# [DESCRIPTION OF THE TASK]
Leave out the pictures and retype all the entries below exactly.
[RECORDS TO PROCESS]
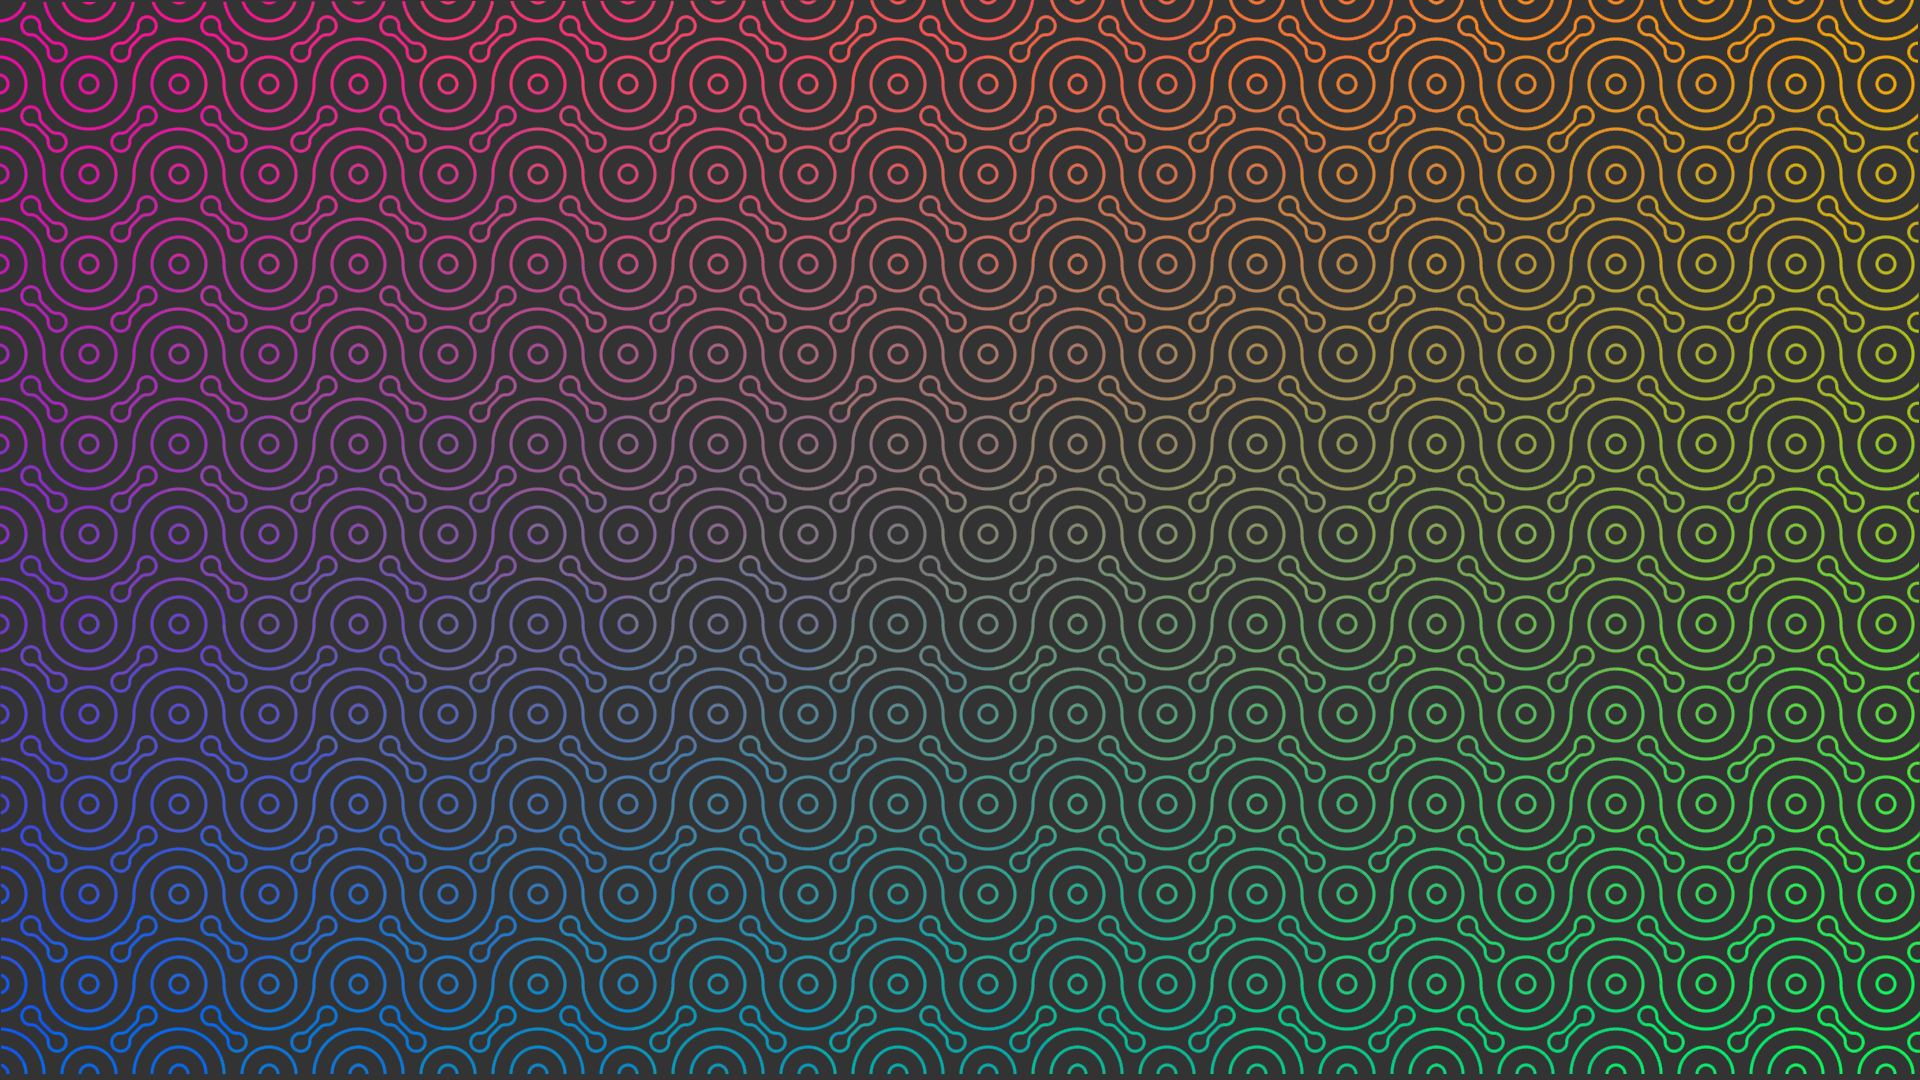 General 1920x1080 gradient pattern abstract
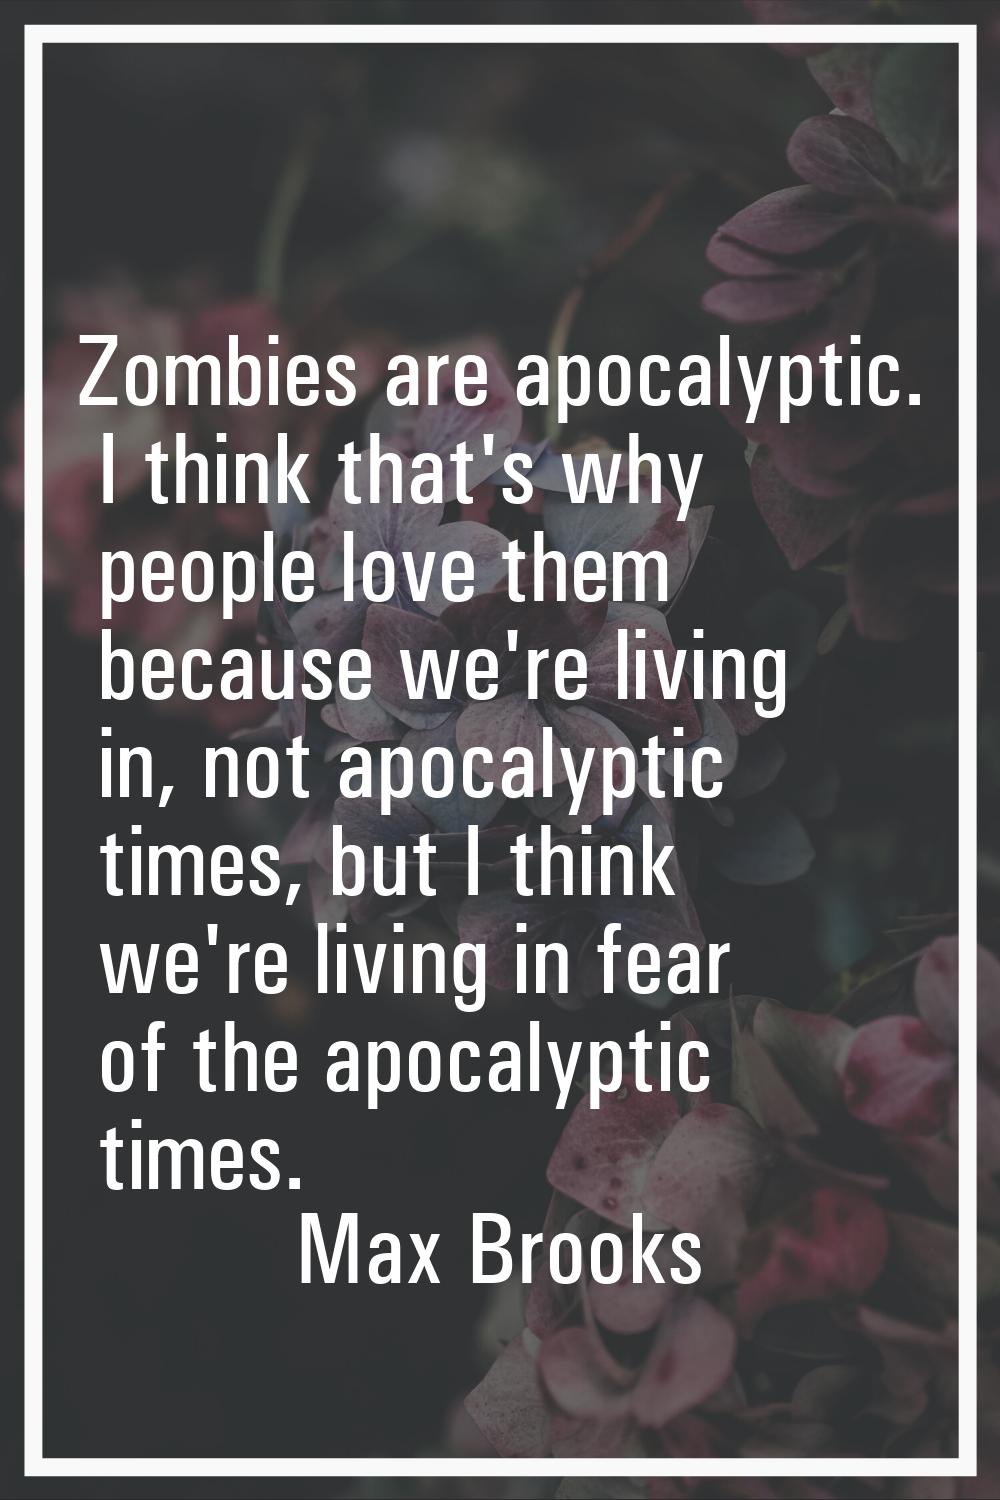 Zombies are apocalyptic. I think that's why people love them because we're living in, not apocalypt
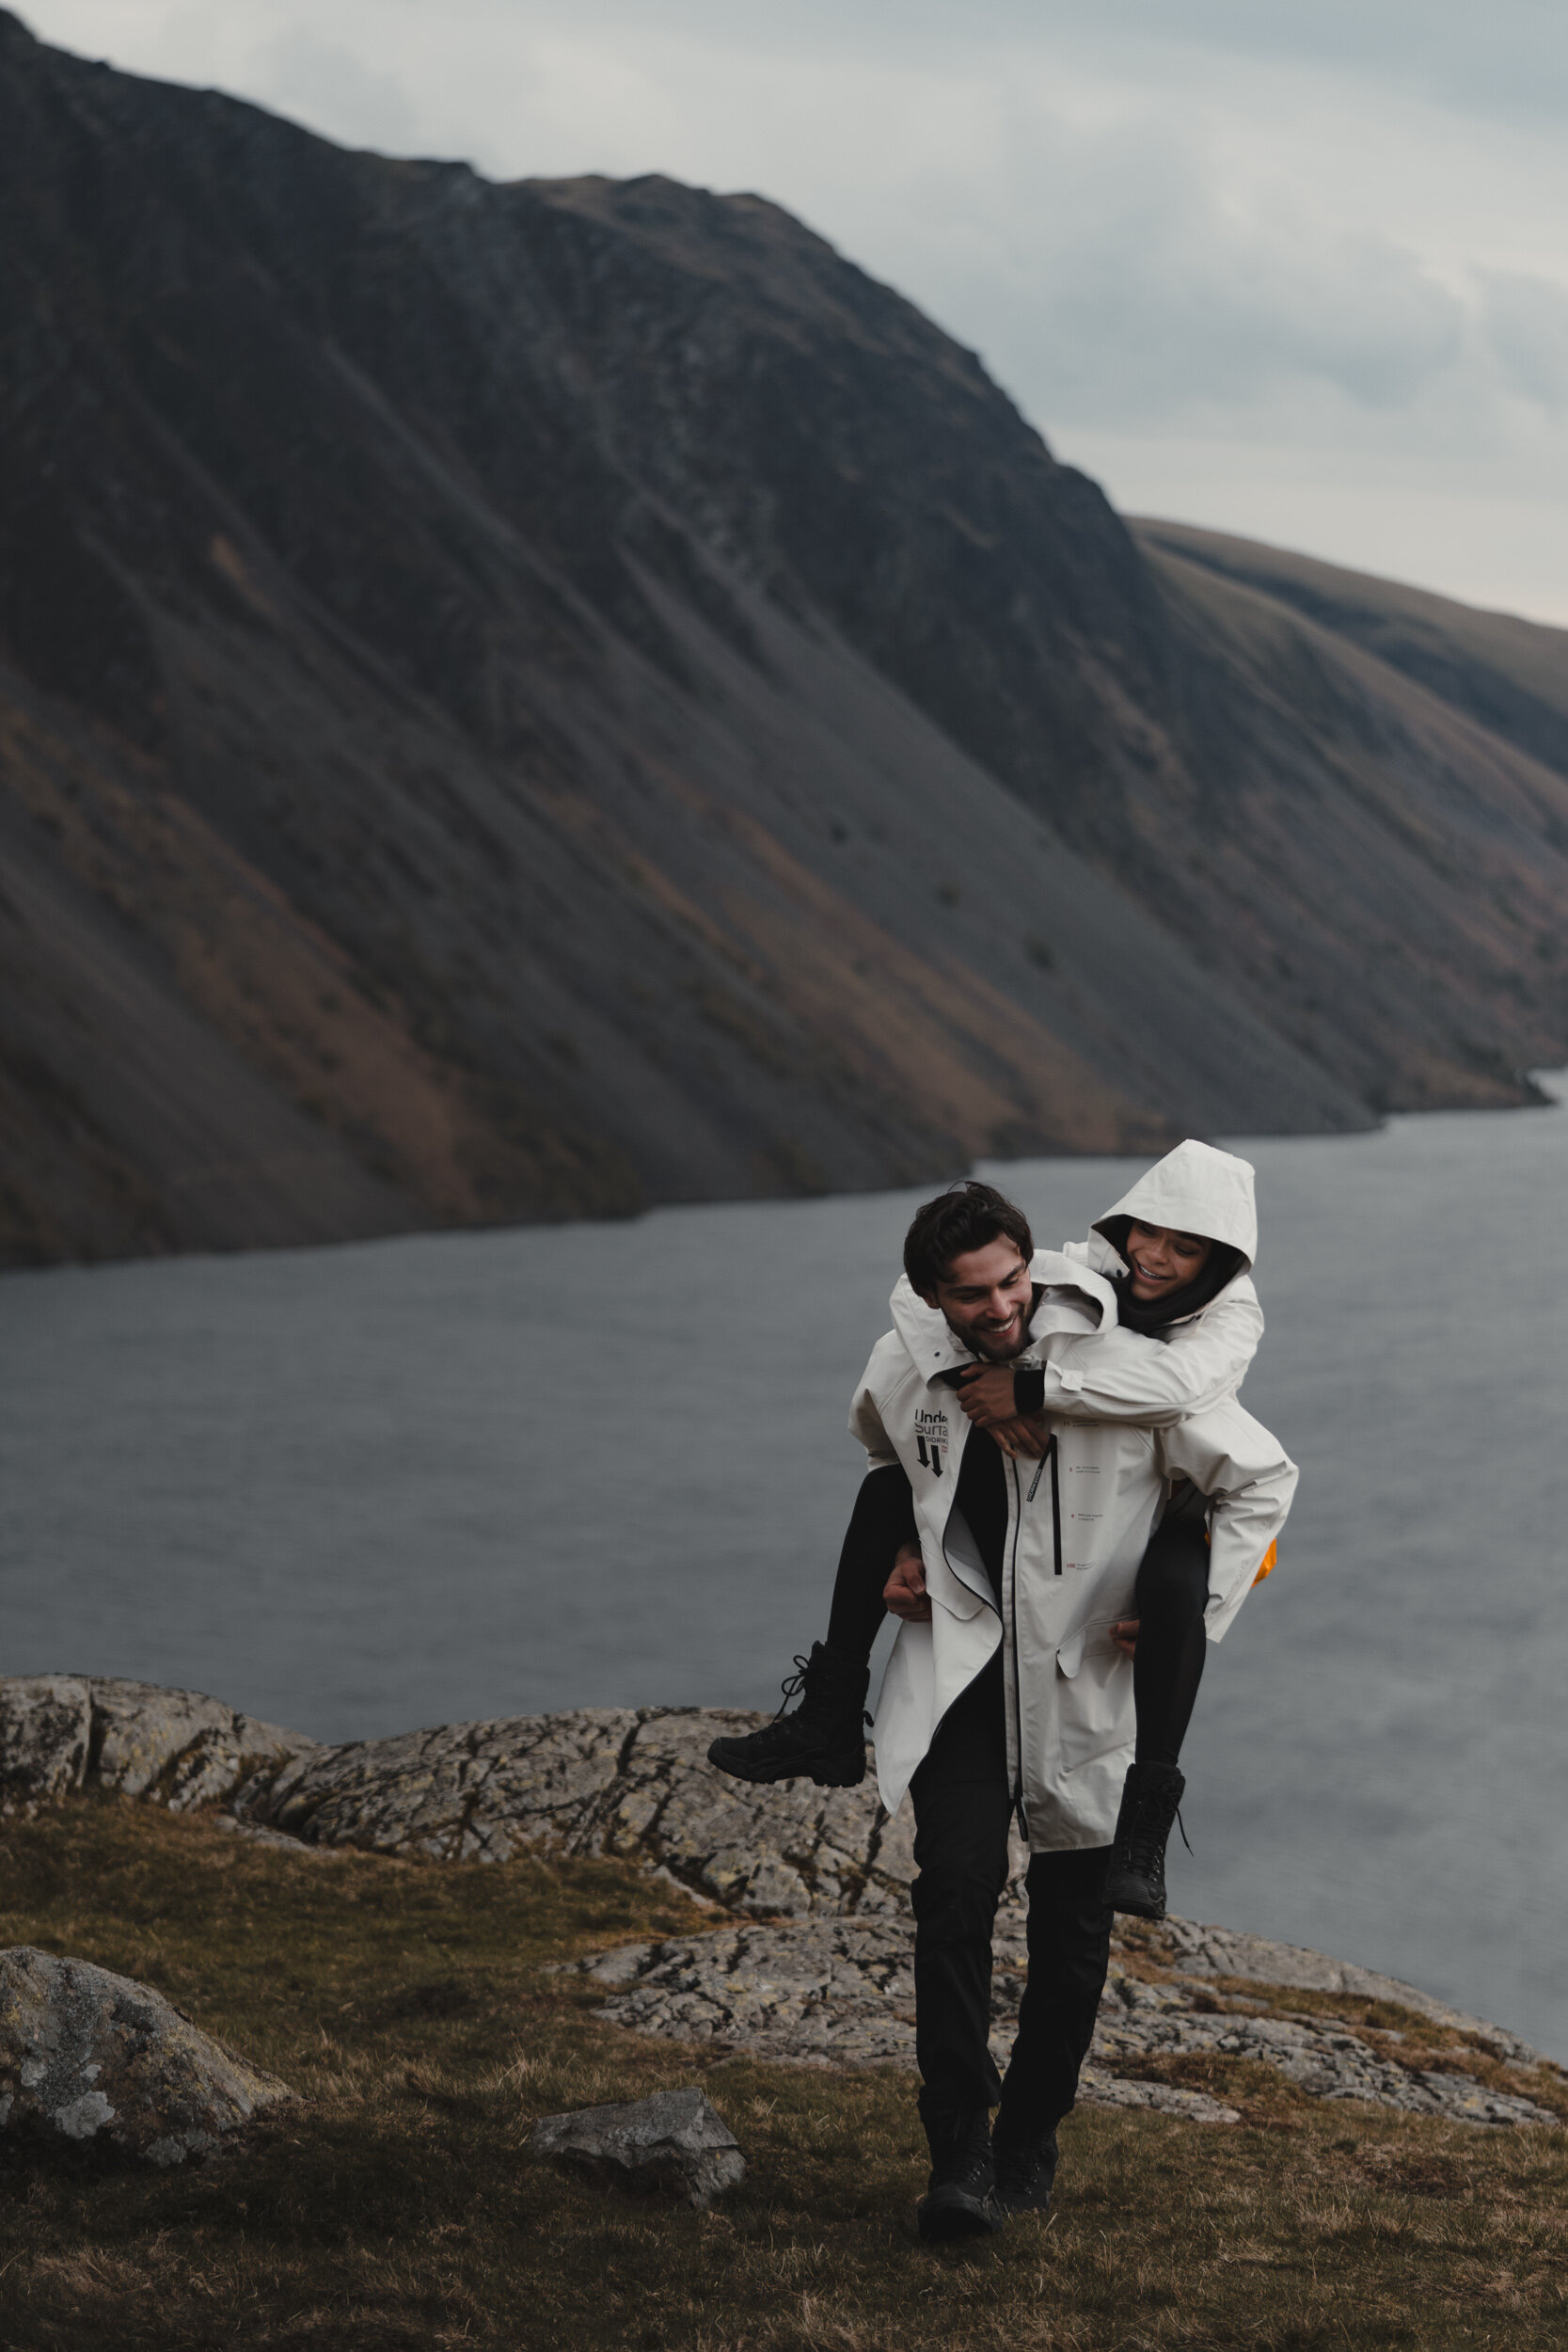 Lifestyle Photographer Alexander Saunes Shoots Didriksons SS21 Line in Lake  District, UK - ENVIZUAL I UK Commercial Photography & Video Production
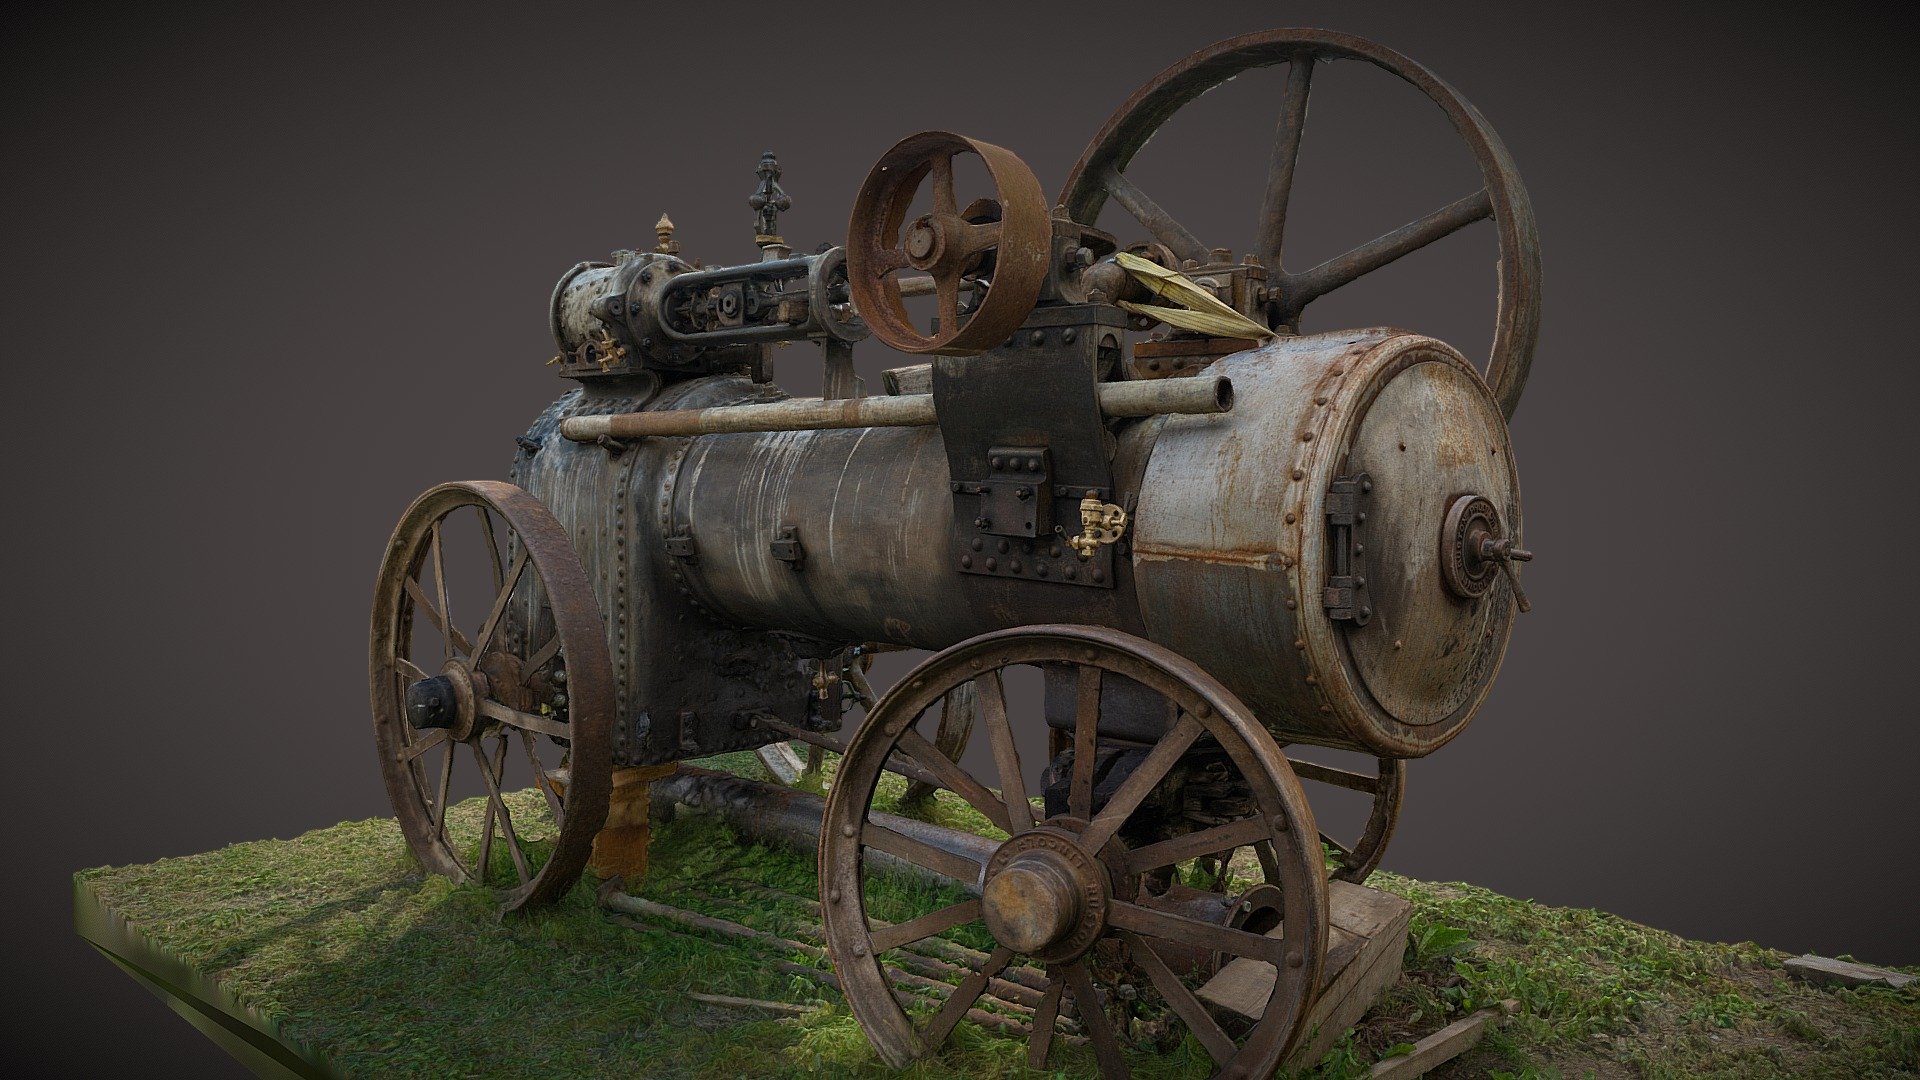 Old giant steam engine.

Photogrammetry capture created in RealityCapture from 326 images.

© Saulius Zaura www.dronepartner.lt 2022 - Old giant steam engine - 3D model by Saulius.Zaura 3d model
[/RECORDS TO PROCESS]
# [THE ANSWER]
 General 1920x1080 gradient pattern abstract
 Zombies are apocalyptic. I think that's why people love them because we're living in, not apocalypt
 Lifestyle Photographer Alexander Saunes Shoots Didriksons SS21 Line in Lake  District, UK - ENVIZUAL I UK Commercial Photography & Video Production
 Old giant steam engine.

Photogrammetry capture created in RealityCapture from 326 images.

© Saulius Zaura www.dronepartner.lt 2022 - Old giant steam engine - 3D model by Saulius.Zaura 3d model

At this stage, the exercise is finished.